RECORDED DATA:
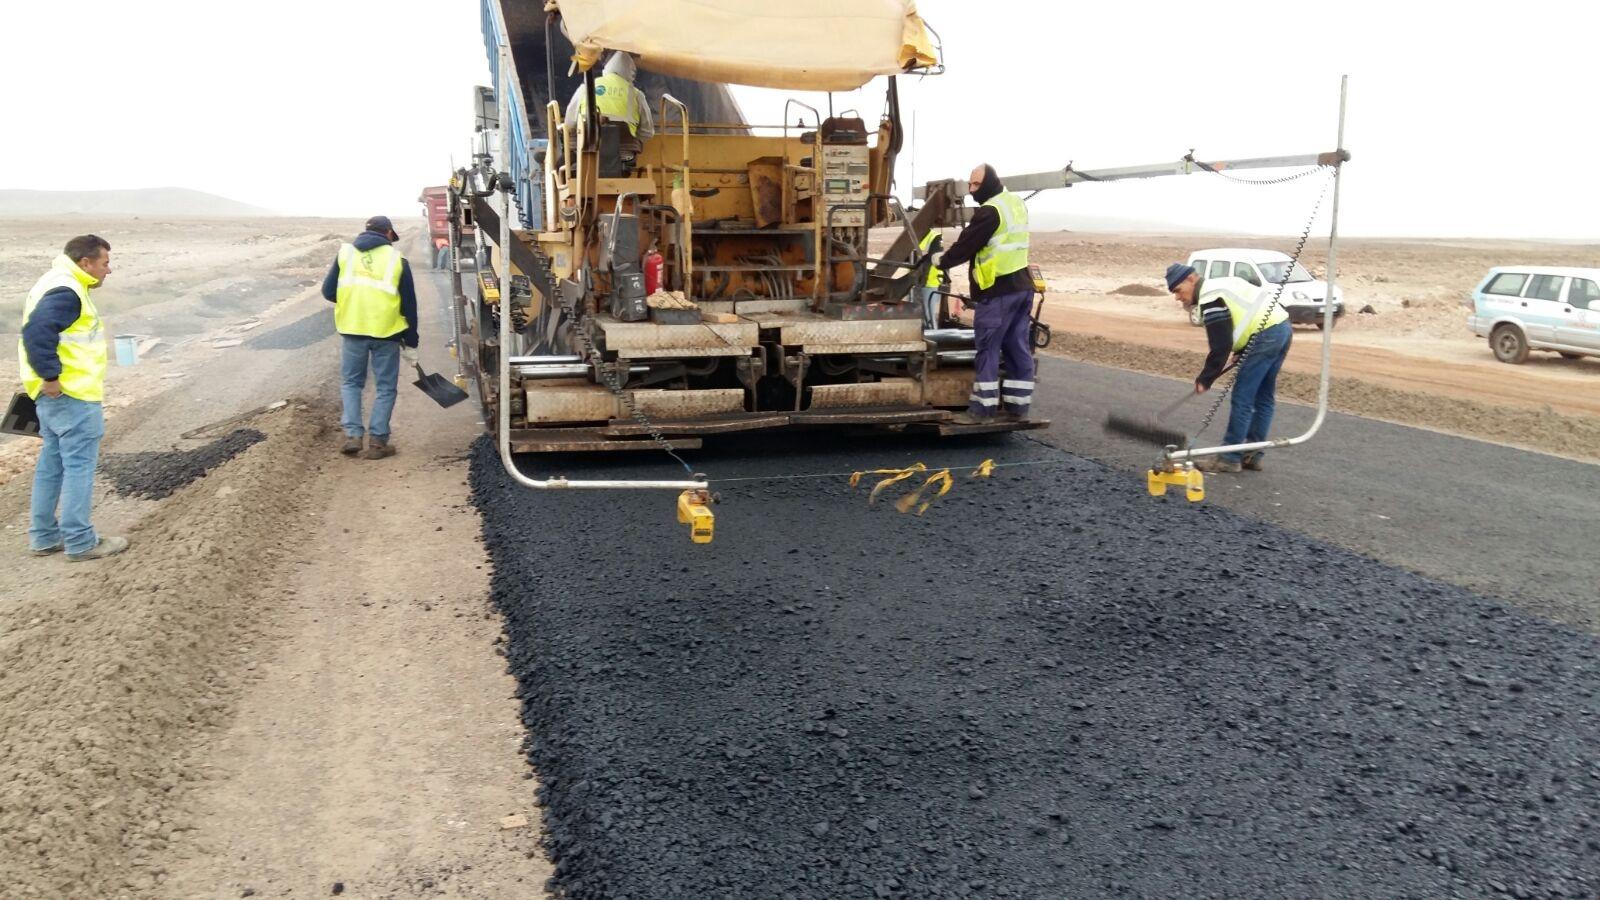 Obras Públicas adjudica por 92 millones de euros las obras del nuevo tramo entre Puerto del Rosario y La Caldereta
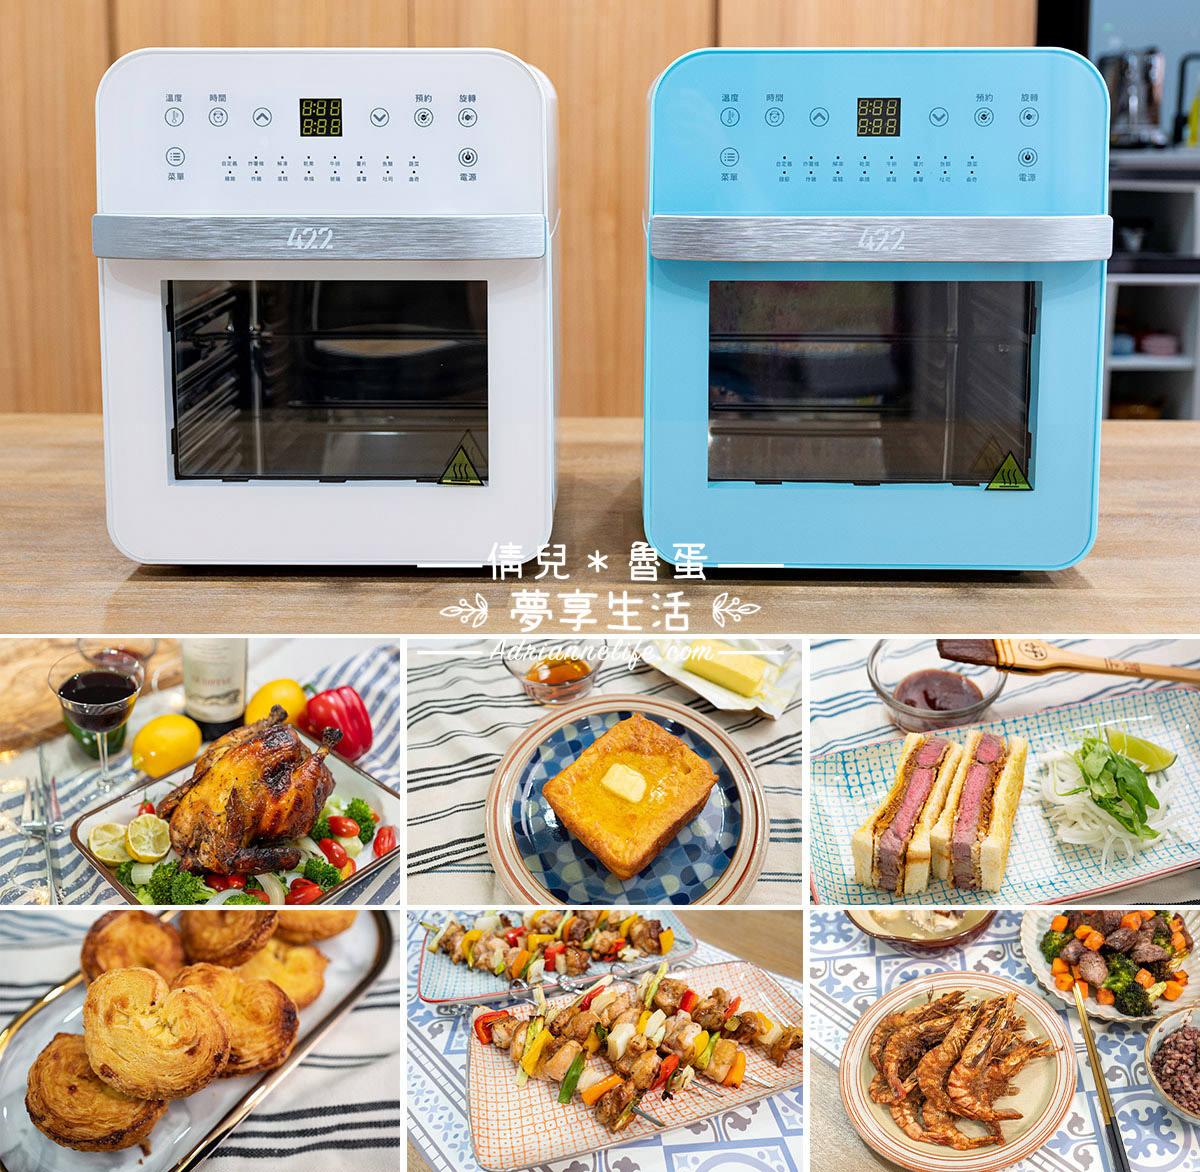 【團購】韓國422氣炸烤箱&氣炸鍋,廚房菜鳥也能輕鬆做出一桌好菜!(下次開團4/22)
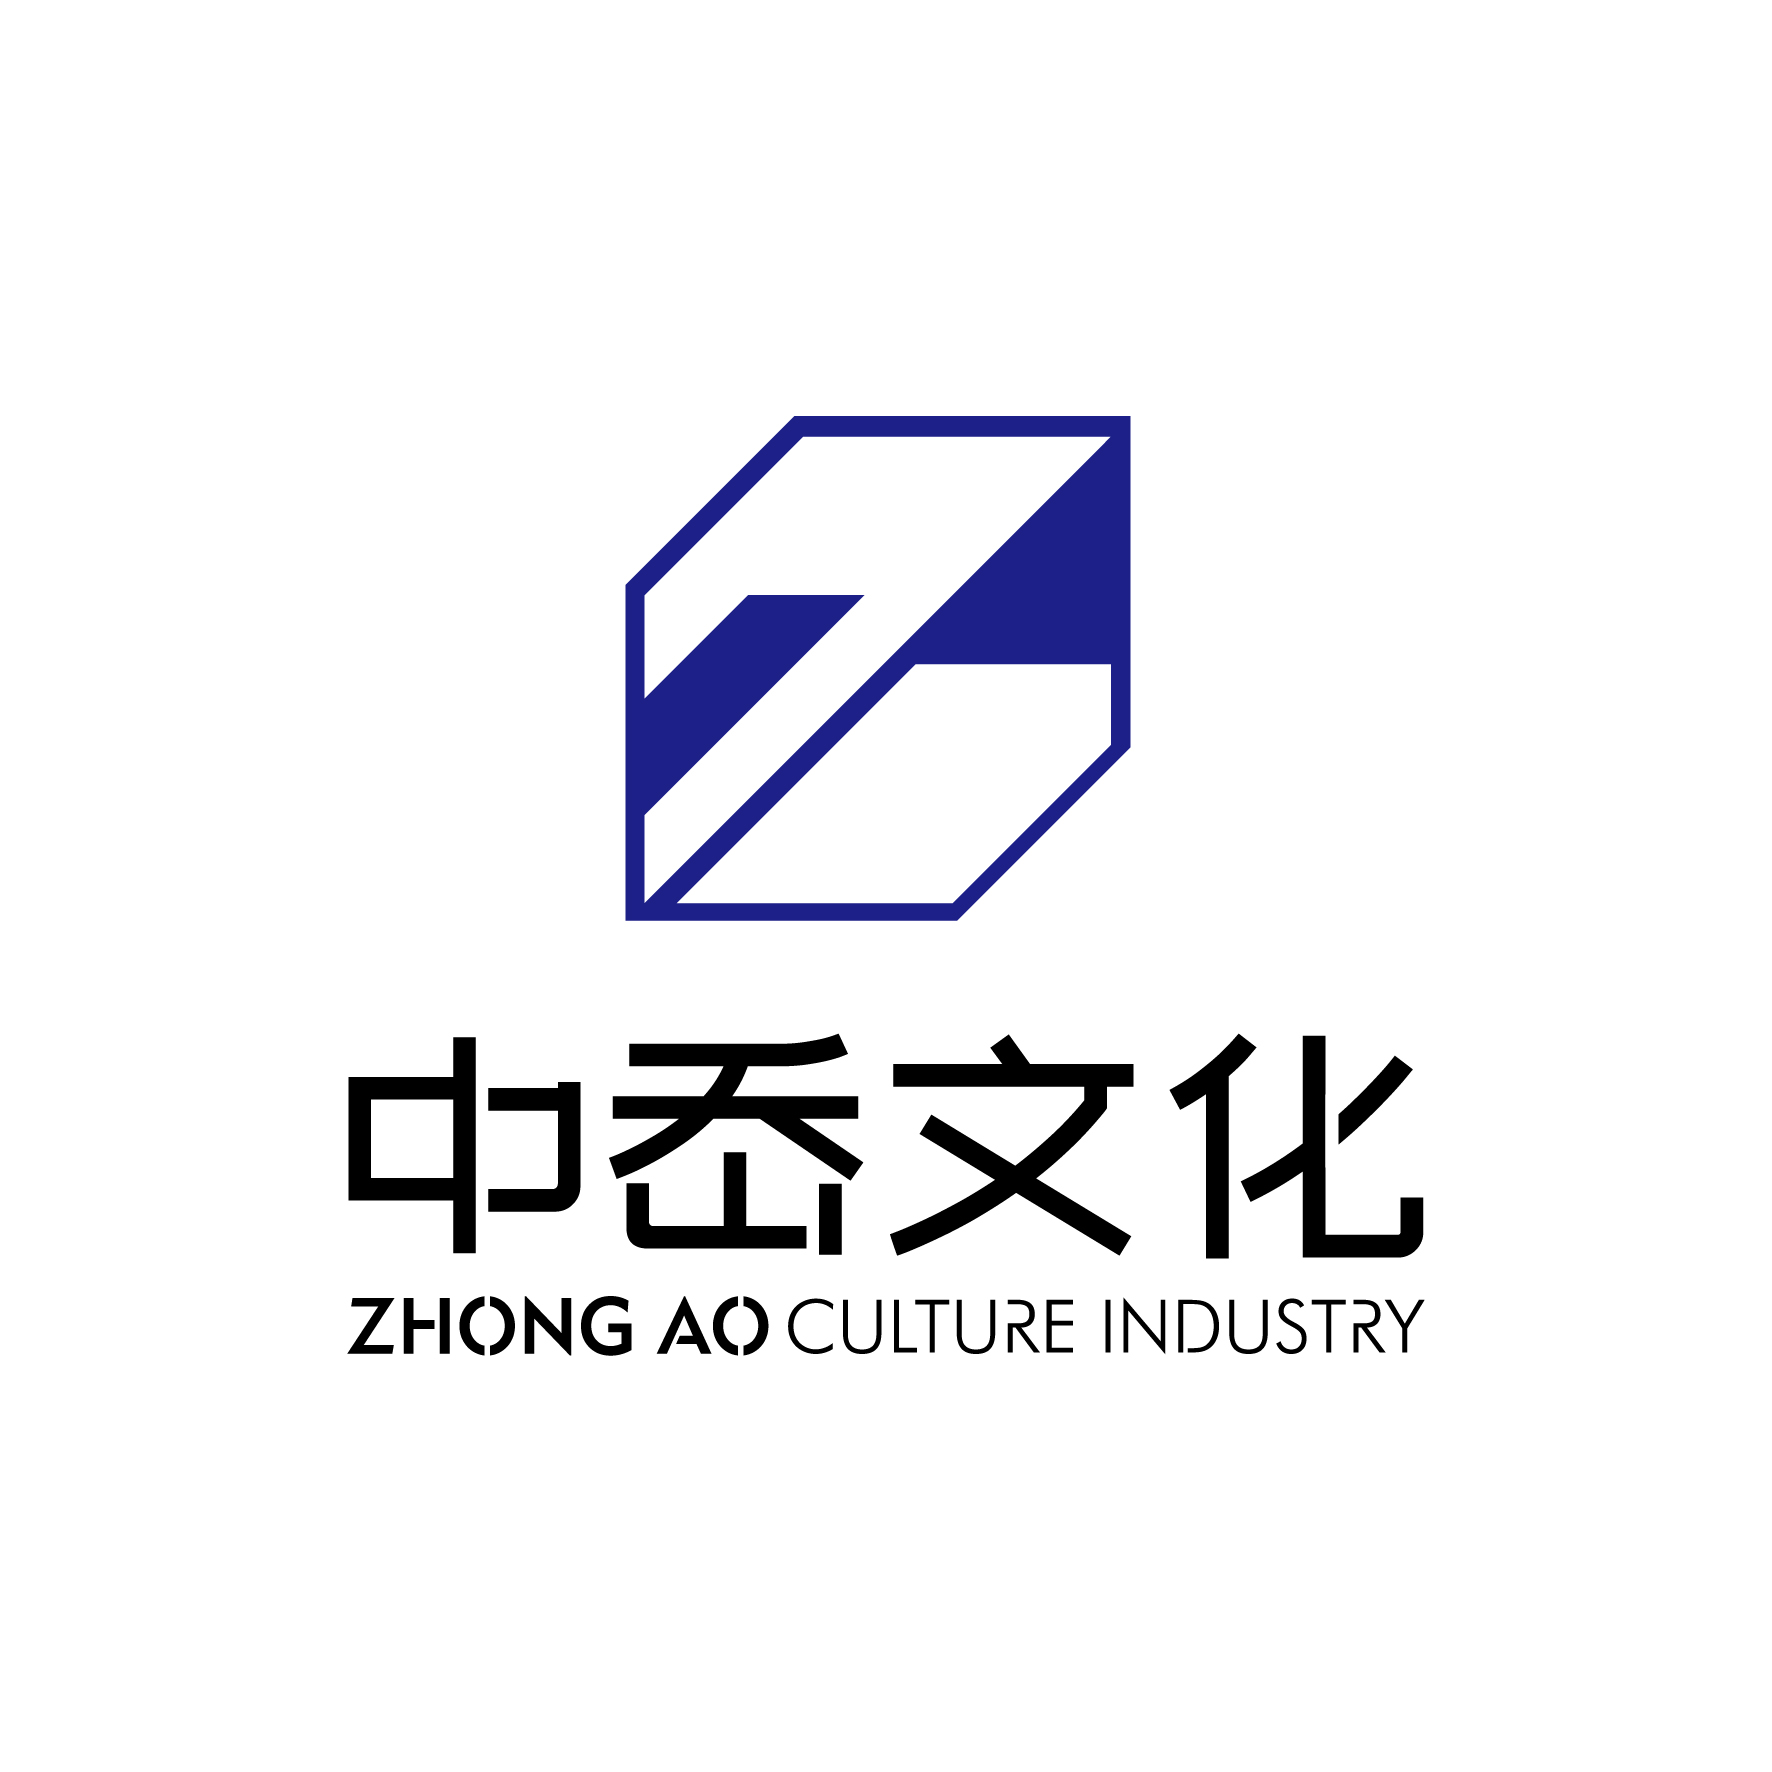 中岙(山东)文化科技有限公司

EXERCISE:
Could you retype the whole listing word for word, minus its pictures?

ANSWER SPACE:
 Obras Públicas adjudica por 92 millones de euros las obras del nuevo tramo entre Puerto del Rosario y La Caldereta
 【團購】韓國422氣炸烤箱&氣炸鍋,廚房菜鳥也能輕鬆做出一桌好菜!(下次開團4/22)
 中岙(山东)文化科技有限公司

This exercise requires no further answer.